State Key Laboratory of Medical Proteomics, Beijing Proteome Research Center, National Center for Protein Sciences (Beijing), Beijing Institute of Lifeomics, 38 Life Science Park, Changping District, Beijing 102206, China.
Brief Bioinform. 2024 May 23;25(4). doi: 10.1093/bib/bbae274.
Protein-protein interactions (PPIs) are the basis of many important biological processes, with protein complexes being the key forms implementing these interactions. Understanding protein complexes and their functions is critical for elucidating mechanisms of life processes, disease diagnosis and treatment and drug development. However, experimental methods for identifying protein complexes have many limitations. Therefore, it is necessary to use computational methods to predict protein complexes. Protein sequences can indicate the structure and biological functions of proteins, while also determining their binding abilities with other proteins, influencing the formation of protein complexes. Integrating these characteristics to predict protein complexes is very promising, but currently there is no effective framework that can utilize both protein sequence and PPI network topology for complex prediction.

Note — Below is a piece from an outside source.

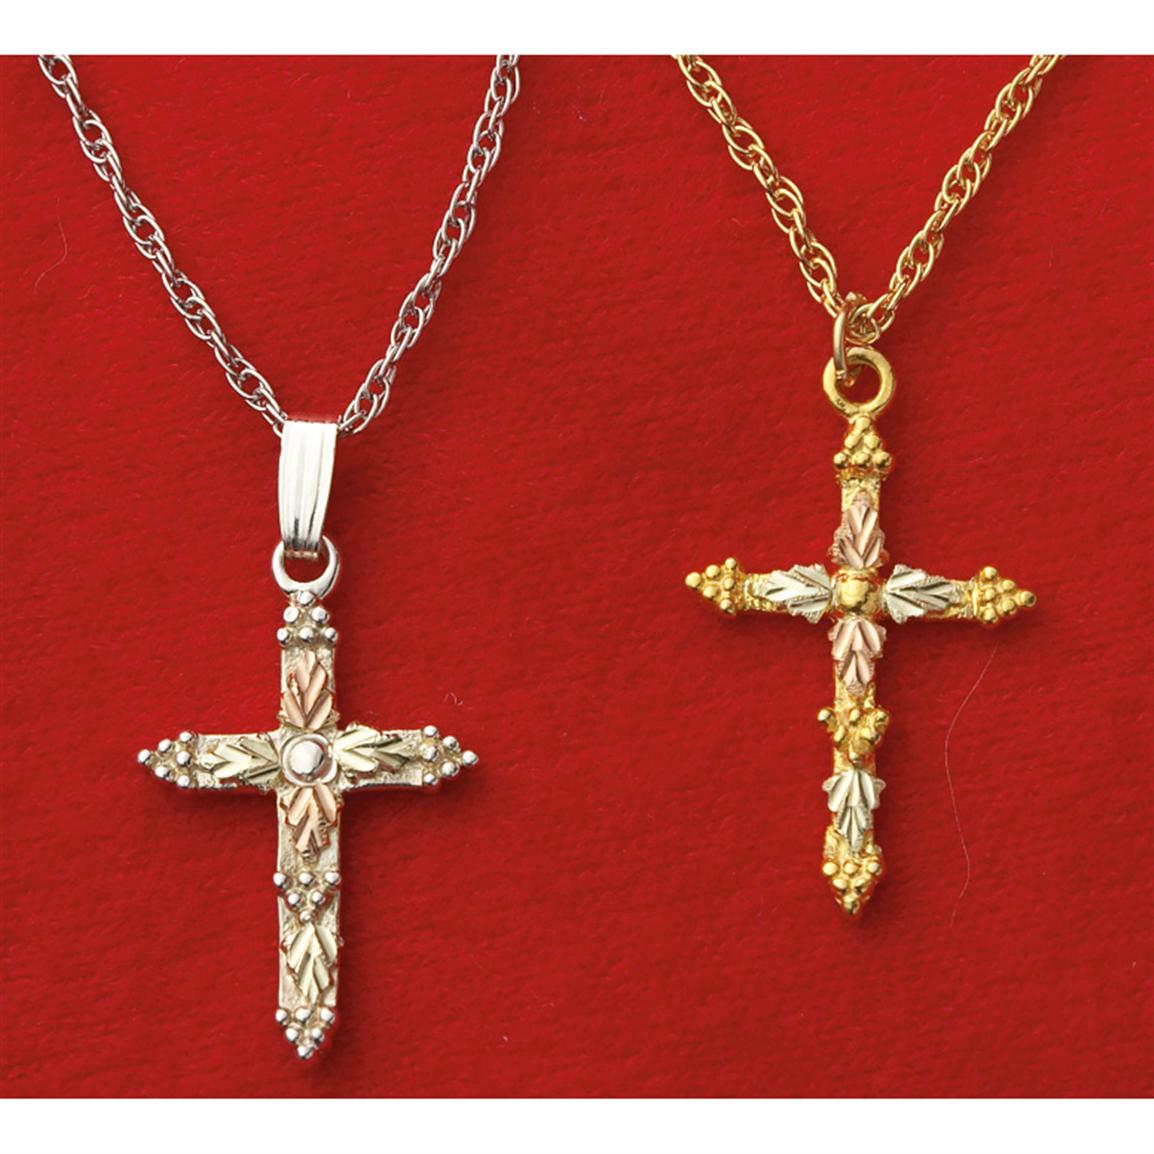 Mt. Rushmore® Black Hills Gold® Cross Necklace, Silver - 168283

To address this challenge, we have developed HyperGraphComplex, a method based on hypergraph variational autoencoder that can capture expressive features from protein sequences without feature engineering, while also considering topological properties in PPI networks, to predict protein complexes. Experiment results demonstrated that HyperGraphComplex achieves satisfactory predictive performance when compared with state-of-art methods. Further bioinformatics analysis shows that the predicted protein complexes have similar attributes to known ones. Moreover, case studies corroborated the remarkable predictive capability of our model in identifying protein complexes, including 3 that were not only experimentally validated by recent studies but also exhibited high-confidence structural predictions from AlphaFold-Multimer. We believe that the HyperGraphComplex algorithm and our provided proteome-wide high-confidence protein complex prediction dataset will help elucidate how proteins regulate cellular processes in the form of complexes, and facilitate disease diagnosis and treatment and drug development. Source codes are available at https://github.com/LiDlab/HyperGraphComplex.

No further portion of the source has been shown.